Solution: Shift the PWM frequency above the human hearing range (20kHz). You can achieve this by modifying the Timer/Counter registers in the Arduino setup function. For example, setting Timer 0 to Fast PWM mode can push the frequency to ~31kHz, rendering the motor acoustically silent.

3. Erratic Sensor Readings (I2C/SPI Bus Corruption)

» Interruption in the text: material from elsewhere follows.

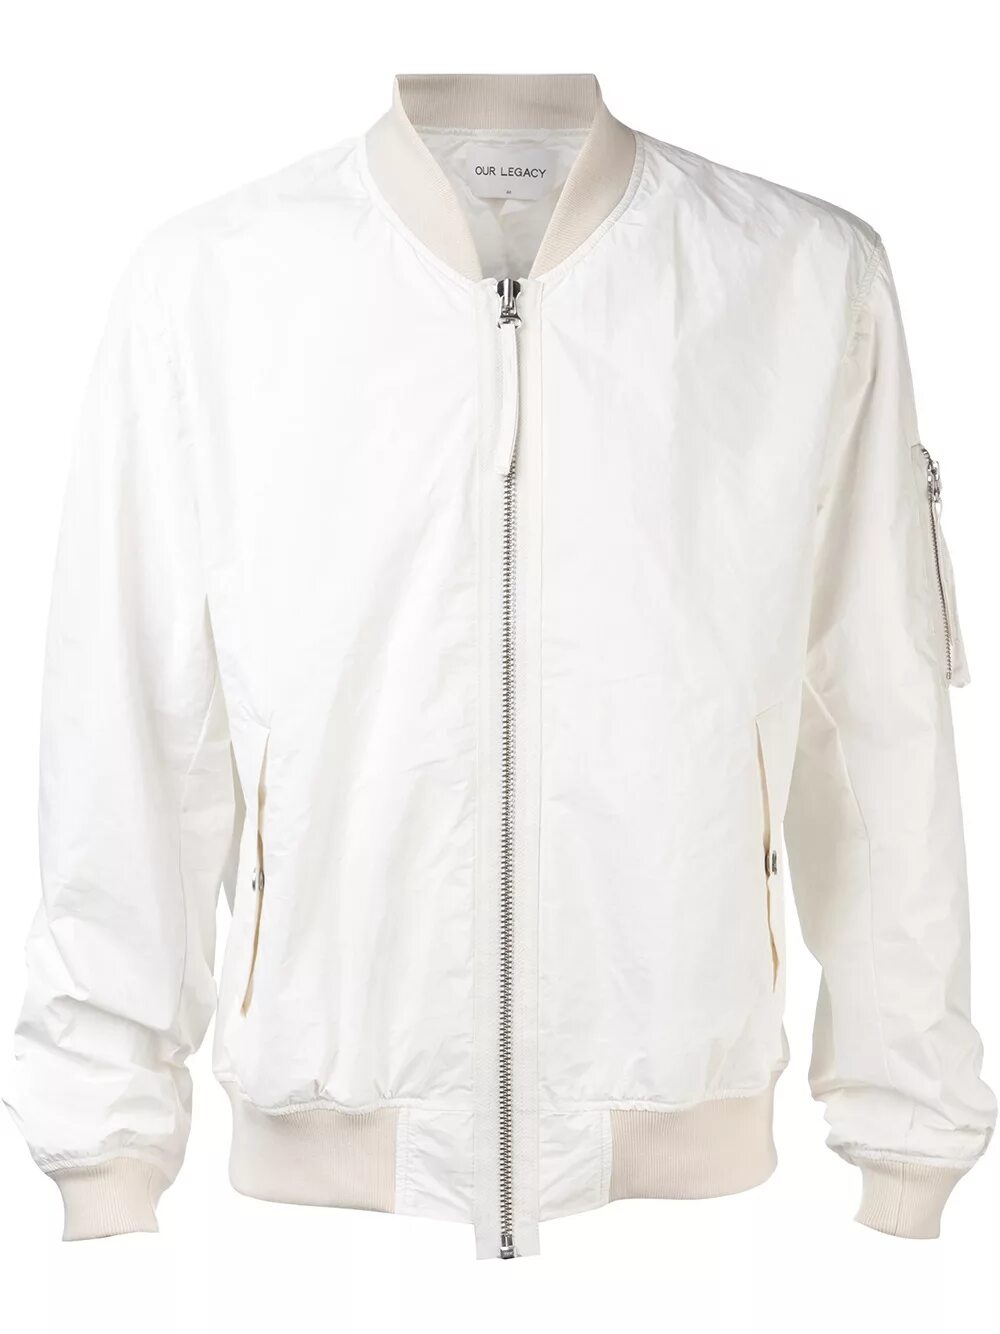 White jacket. Бомбер DKNY мужские белая. Куртка Alcott мужская бомбер белый. Бомбер Zara белый мужской. Пулбир мужской белый бомбер 2021.

Symptom: Your OLED display glitches, or your IMU (like the BNO085) drops off the I2C bus whenever the motors change speed.
Diagnosis: Brushed DC motors are essentially broadband RF noise generators. The carbon brushes sparking against the commutator inject high-frequency electrical noise directly into your power and ground planes.
Solution: Ensure the 100nF capacitors are soldered directly to the motor casing terminals. If the issue persists, implement galvanic isolation using digital isolators (like the ISO1540) on your I2C lines, or route your sensor ground through a star-topology grounding scheme to prevent motor return currents from flowing under the microcontroller.

By respecting the electrical boundaries between low-voltage logic and high-current inductive loads, your Arduino-to-motor projects will transition from unreliable prototypes to robust, field-ready machines.